Monday, October 5, 2015

KU Football: The Chase for a Winless Season

Last week I posted on the probability of the University of Kansas Football team losing every game this season.  Since then, the team lost again, thus increasing the probability of a winless season. I also found some great information on the topic of futility in college football.

BACKGROUND

I found some great information on horrible college football teams since I last posted, scouring the internet for infomation. Two great pieces:

  • List of Winless Seasons.  Winless seasons in college football are only pseudo-rare.  By that I mean it happens fairly often (a couple teams each year), but it's still rare enough that we can keep a list of it.  That list is interesting, and even includes seven (SEVEN!) winless seasons by my undergraduate alma-mater, Kansas State University.  Also, the toilet bowl is an interesting clickhole I found myself in.
  • The Bottom 25.  This is a CBS attempt to rank the worst teams in college football.  Guess who is considered the worst right now?  The University of Kansas.  An interesting insight from this analysis is that KU had a better chance to win its first Big 12 game this year more than any other Big 12 game.  They already lost this game, so I need to change methodology to maintain an accurate probability estiamte.

METHOD CHANGE

My prior methodology gives a good estimate of how likely it is that KU will go winless based on historical probabilities.  This is especially true in the first week when the entire Big 12 season is laid out in front of us.  But there is one bias to the estimate:  KU is significantly more likely to win some games than other games.  Complicating this, is that KU's statistically easiest game was the first game of the Big 12 season, after losing which, the probability of going winless increases dramatically.

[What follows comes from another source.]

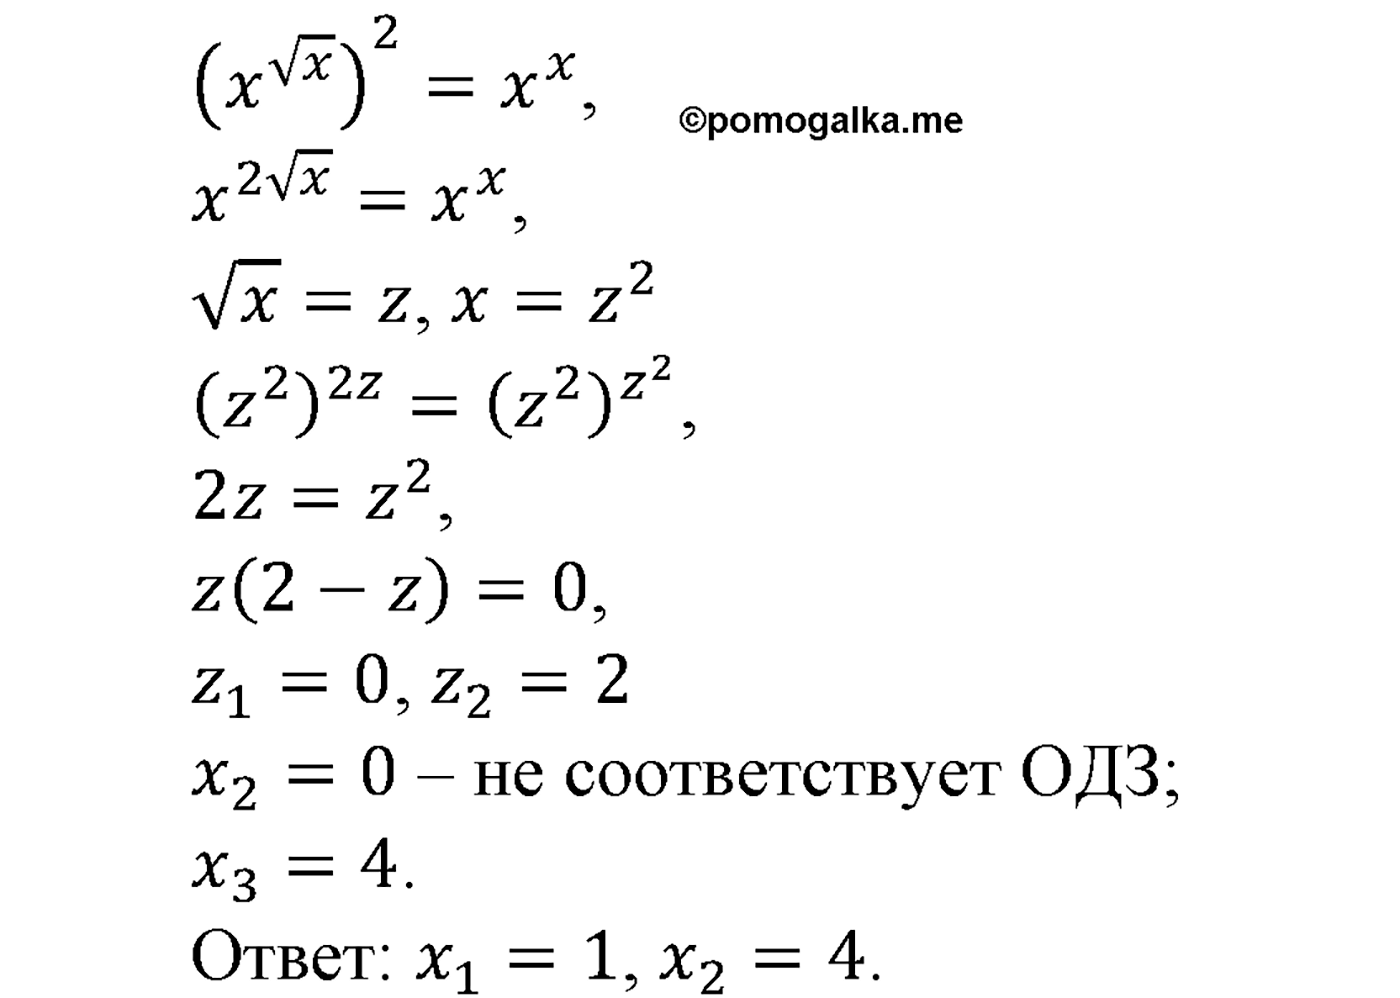 разбор задачи №1355 по алгебре за 10-11 класс из учебника Алимова, Колягина

While a team that only wins 6.8% of their games doesn't see a drastic difference in probabilities from game to game (wins are essentially a "fluke" and not as tied to opposition talent as competitive teams), we can still estimate the relative strengths of teams, using their individual probabilities to lose, and then weighting KU's probability by that.  This methodology looks at the historical performance of each team, and adjusts the 6.8% by that performance.  Here are the probabilities that each team will win their KU matchup this year:




The other worst team in the league (ISU) only has a 86.8 percent chance of beating KU, whereas the best team (Baylor) has a 98.3 percent chance to beat KU.  Relatively speaking, this means KU is about 8 times more likely to beat ISU than Baylor.

Because KU played ISU first,  their probability of a winless season increased from 53% to 61%.  My initial model only had it at 57% following a conference week 1 loss, but that flat model didn't account for Iowa State's poor play.